RE: The nature of number
July 17, 2012 at 3:14 am
(This post was last modified: July 17, 2012 at 3:32 am by Categories+Sheaves.)
(July 17, 2012 at 1:51 am)CliveStaples Wrote: i) Proof? It seems like you're actually claiming that every mapping of the torus with these particular endpoints fails to be differentiable (since no particular map was given).i) If we're skewing a torus by making the space in the center look like an arbitrarily thin cylinder... (yes yes this becomes a sphere with a line connecting two poles. This was my interpretation of what he said and I ran with it) you can't define a pushforward of the tangent space (of the torus being mapped into 3-space, when you treat it as a manifold) for any of the points that get mapped to a pole.
ii) Proof? This result would actually imply (i), since differentiable functions are necessarily continuous.
iii) I suspect there's actually a bijection from the surface he described (a 'torus' with a hole consisting of one point) to the unit torus, which would mean that the mapping is well-defined (in the sense of being a function). Or did you mean that the resulting object actually fails to be a torus?
ii) Failure to be injective. Or at the very least: if he's insisting that the hole have "width zero", that doesn't bode well for the hausdorff-ness/distinctness of the points lying 'across' this hole/gap.
iii) Under that interpretation of jonb's construction (hrm, this looks like the particular shape he was actually talking about... but you still get the shape I was talking about by mapping the torus and then putting it through [some charitable attempt at] the inverse mapping of the sphere) what you end up with is neither a torus nor a sphere, since that 'compressed' shape won't be compact (surely the one-point hole is a limit point?).
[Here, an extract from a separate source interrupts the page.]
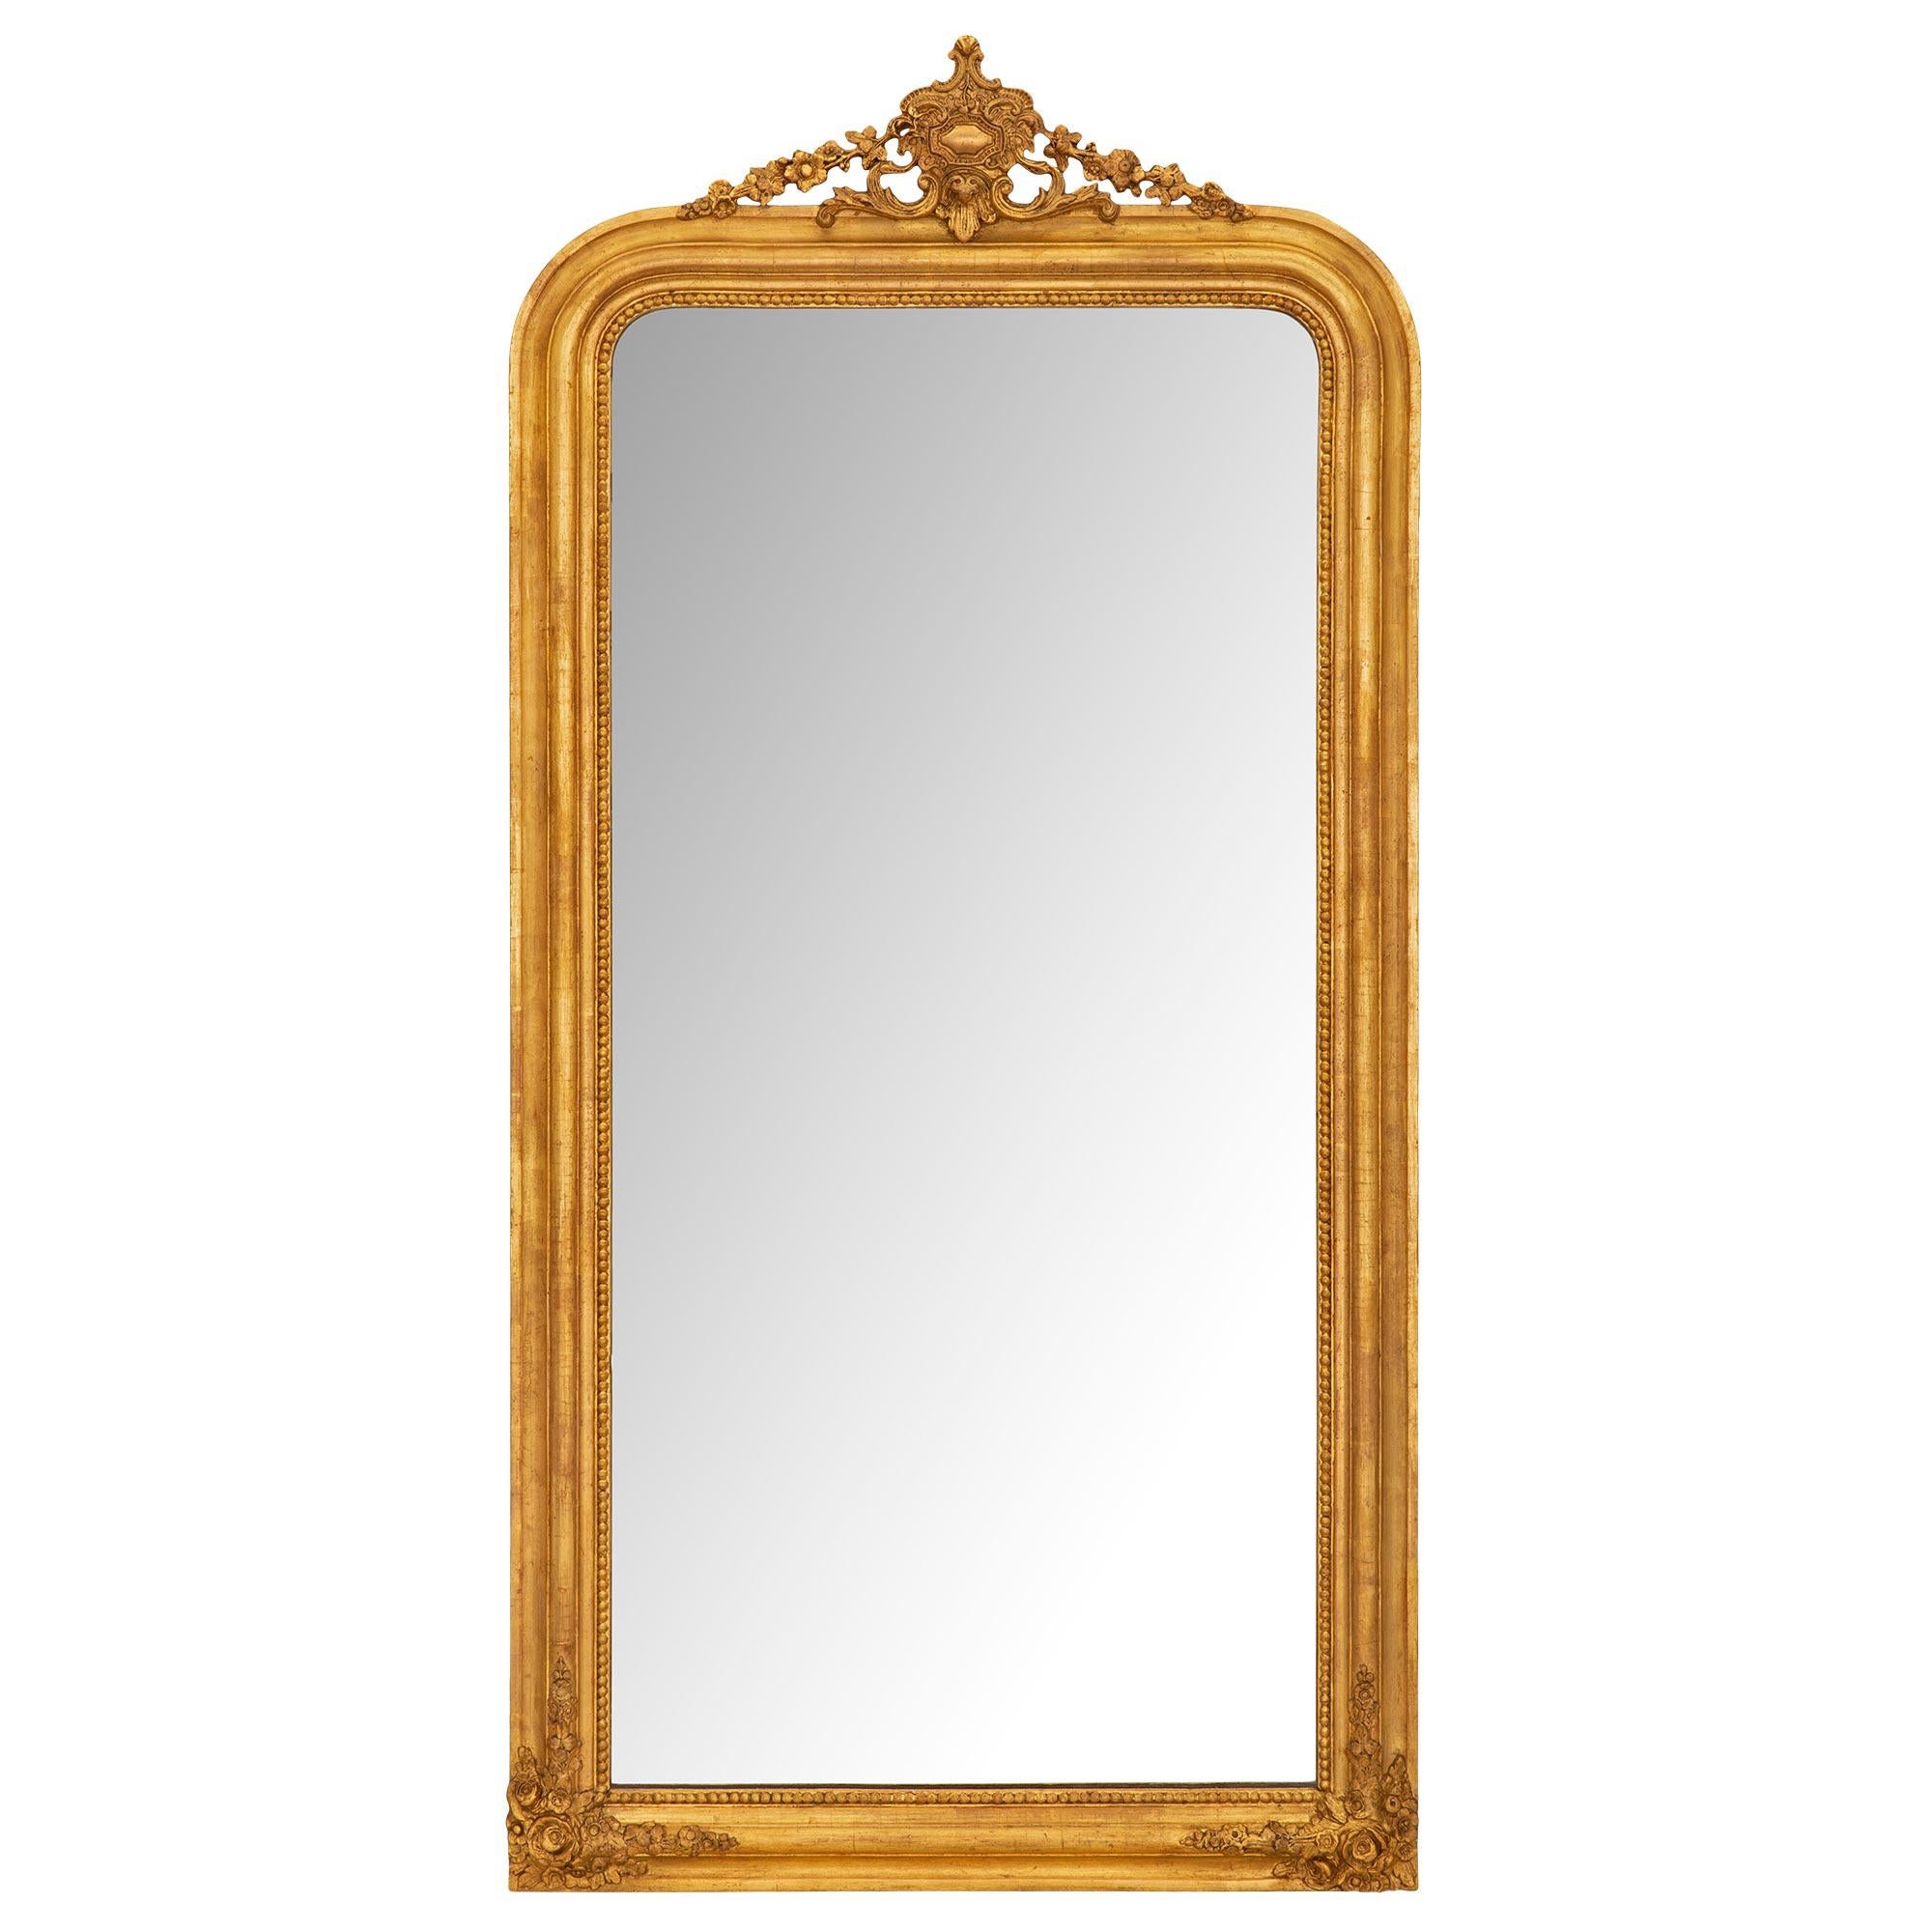 Miroir en bois doré d'époque Louis Philippe du 19ème siècle français

(July 17, 2012 at 1:51 am)CliveStaples Wrote: This is basically just another claim that any mapping with the endpoints he gave must fail to be homeomorphic. Can you prove this?Either:
a) there is some 'inner ring' that gets mapped to the point that's supposed to be a hole, and this fails to be injective.
b) If the torus' "hole" is genuinely a point: That compactness thing from earlier.
Although the first part of the 'playing different games' comment was probably too overstated/harsh...